Known as “second wave ska”, Dammers and Co.’s anti-racist message in Thatcher-era London, was solidified in the label and movement’s simple motif of black and white checks. Lost on some converts in the movement’s far-flung outposts, the 2 Tone checkerboard also reflected the make-up of many of the bands’ members: Black and white on stage and mobilising together. Pre-internet, when British records and music magazines still arrived mostly on import (sometimes many months after their release) 2 Tone’s influence was still wide ranging. In less than two years after its birth, even Australia had its own ska scene, for which the most notable and possibly most socially conscious proponents, were working class trailblazers the Strange Tenants.
“For ska, the 2 Tone ska that emerged in the UK was more politically based than the original ska that started in Jamaica,“ reflects filmmaker Fiona Cochrane.
With Cochrane’s new Strange Tenants documentary Ska’d For Life premiering at the Melbourne Documentary Film Festival in July, she is keen to point out some of the differences between the development of second wave ska on opposite sides of the globe. At the time, immigration and general social consensus down-under, was still informed largely by the White Australia Policy and almost 200 years of mistreating the continent’s original inhabitants.

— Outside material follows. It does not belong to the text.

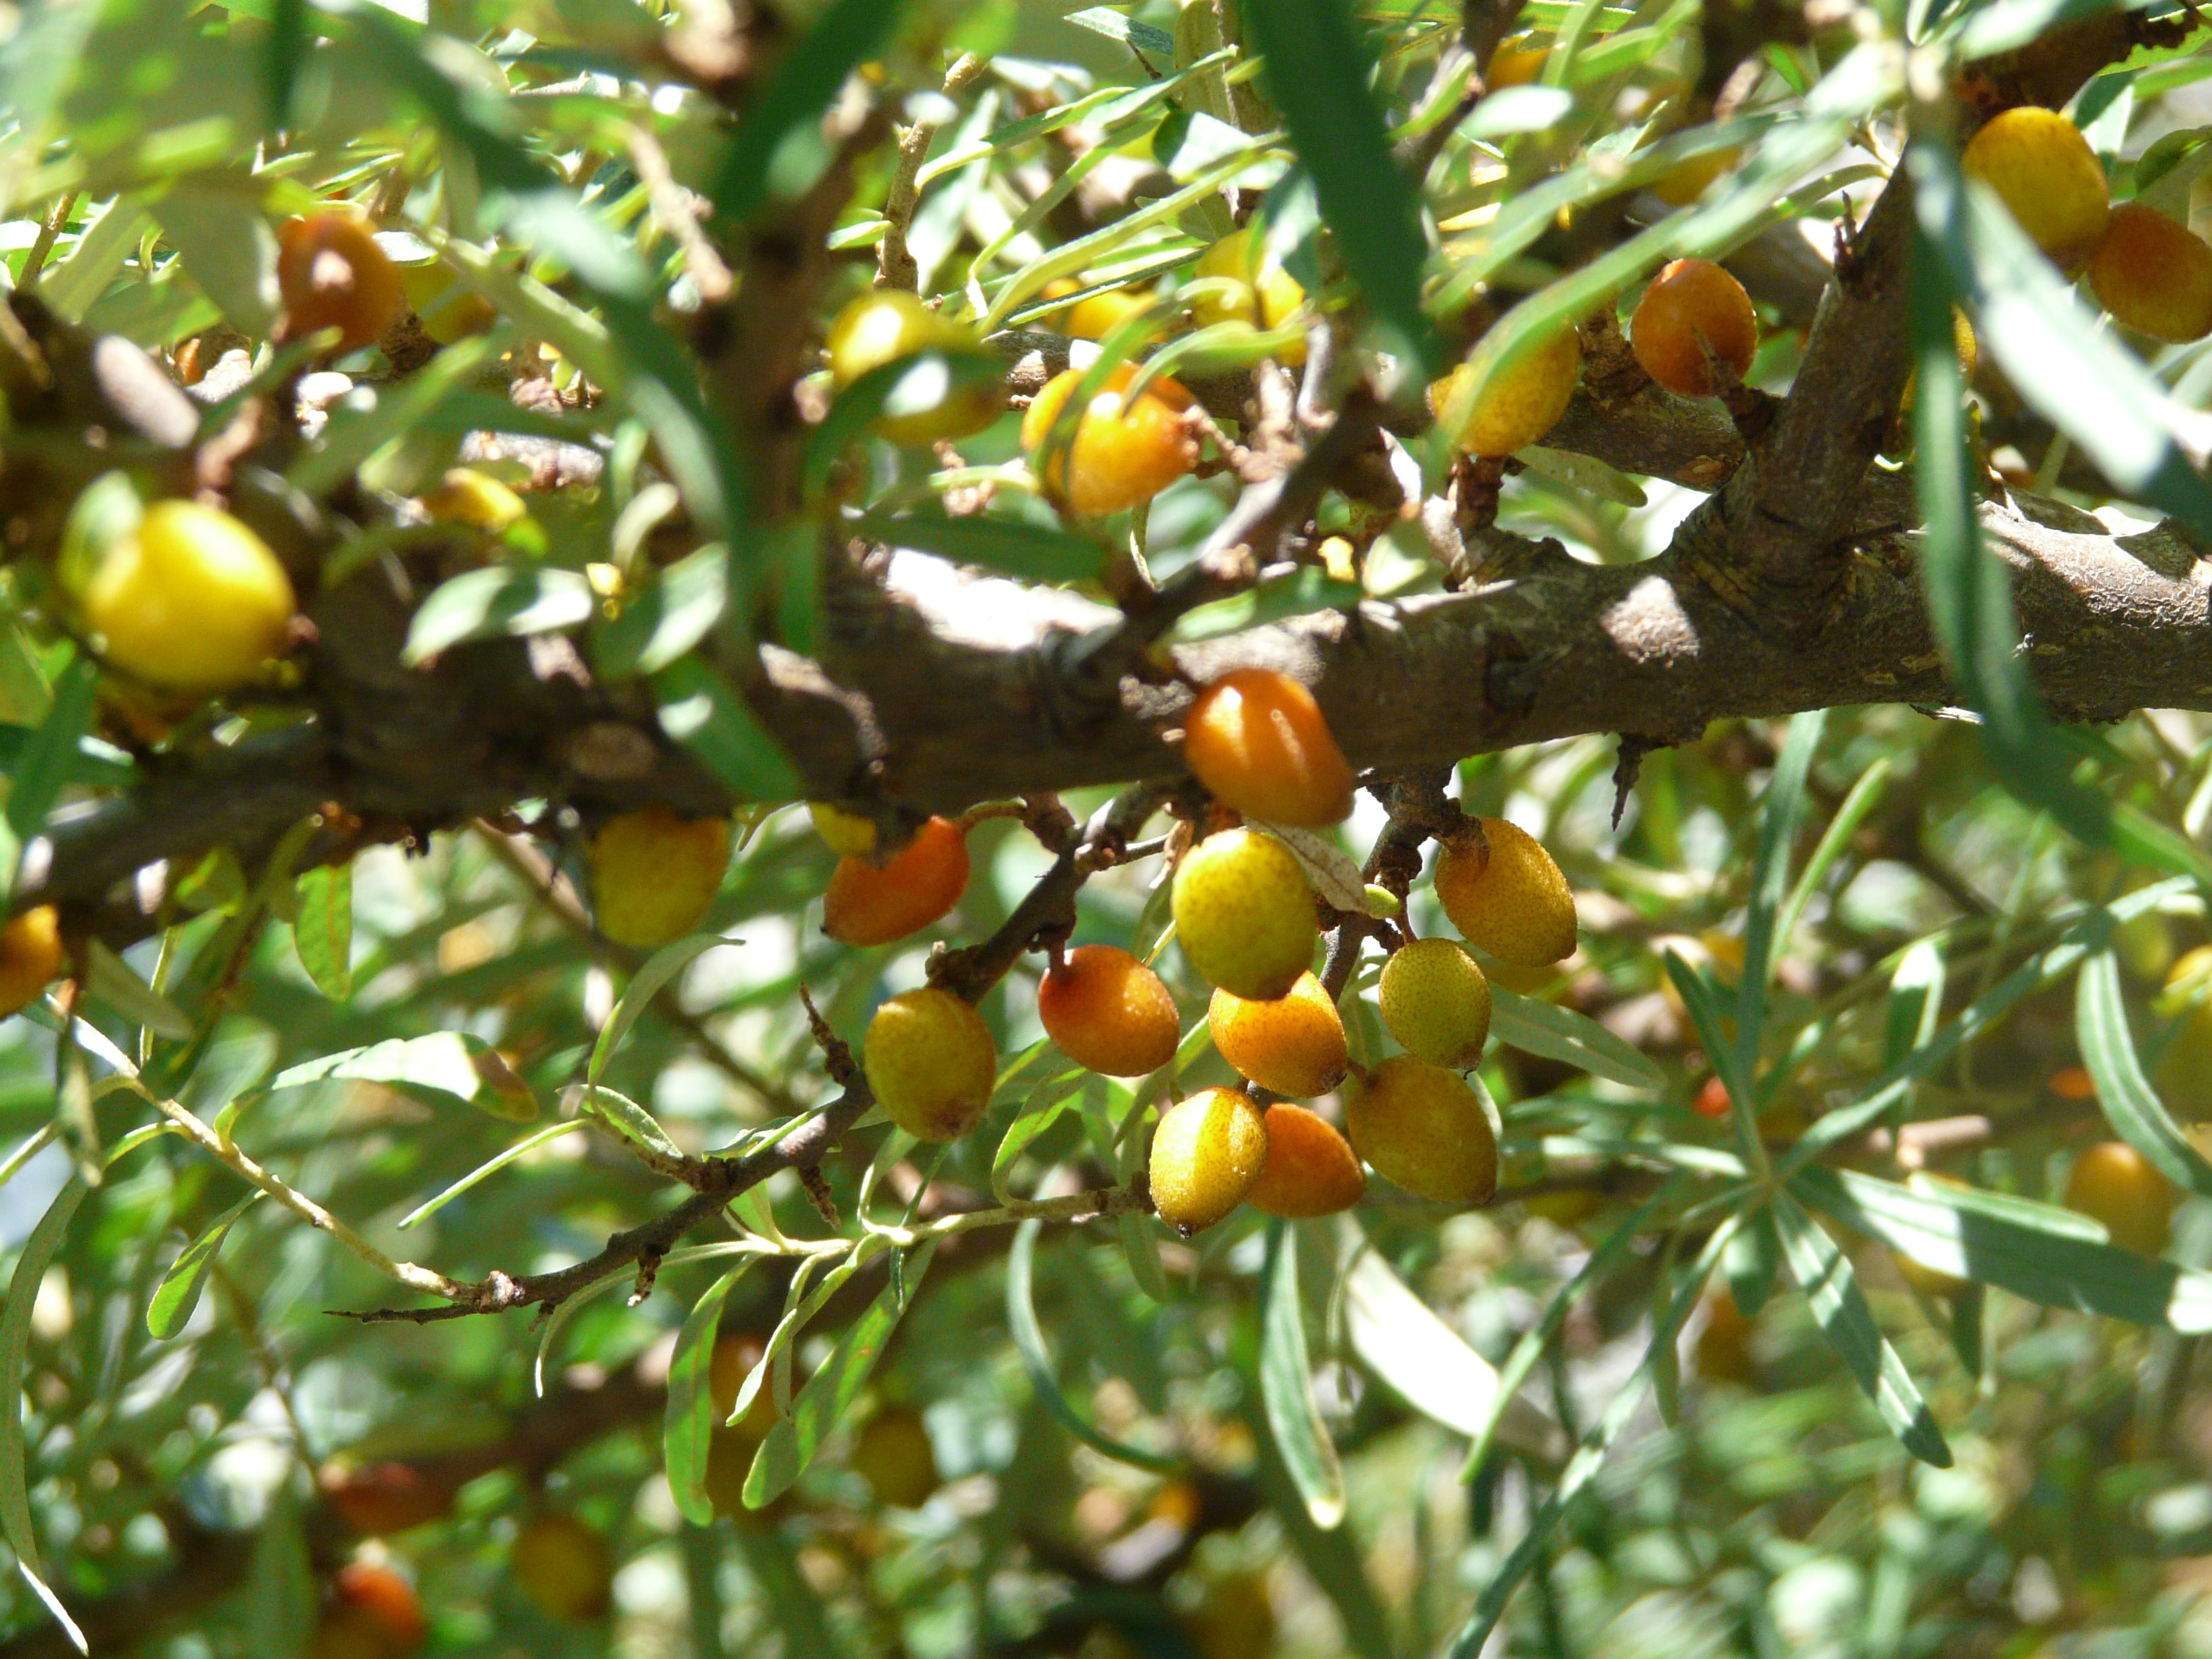 yellow and orange oval fruits

“In Australia the actual 2 Tone element wasn’t as obvious as there weren’t as many black musicians here playing it. Most of the ska music that was played wasn’t as political as the UK.”
One of the exceptions however were Strange Tenants.
“[They] championed all the political content they could,” says Cochrane.
The band were also good at doing what ska did best: provide catchy, celebratory, dance-orientated music with serious messages. While the Tenants sang about poverty in Hard Times, the evil war machine in Soldier Boy and rallied against fascism in Two Steps Back, their English contemporaries were switching youth around the world on to a growing movement to Free Nelson Mandela via a highly infectious protest song by Special AKA called just that, as well as rallying youth with equally important domestic protest chants like Stand Down Margaret by The Beat.
“In the documentary we talk a lot about the anti-racism message, because it was a driving force behind Strange Tenants. They certainly talked about Indigenous political issues of the time.
“I found it fascinating when making the documentary to look at how 2 Tone ska and skinheads began as anti-racist, but then the Nazi skinheads who spouted the opposite philosophy took over from the original skinheads.”
[Cue Dead Kennedys’ Nazi Punks F**k Off!]
“This is all discussed in the documentary,” says Cochrane.
There may have been the same angular, claw-fisted approach to their instruments, but unlike the punks and skins who often attended their gigs, ska’s rude girls and boys were well turned out, looking sharp and proud in their outfits.
“I think punk [was] different [in Australia],” notes Cochrane, “because in both the UK and New York it was political with a socioeconomic base (Ramones, Sex Pistols etc), whereas in Melbourne it was much more a fashion scene with middle-class suburban kids doing drugs.”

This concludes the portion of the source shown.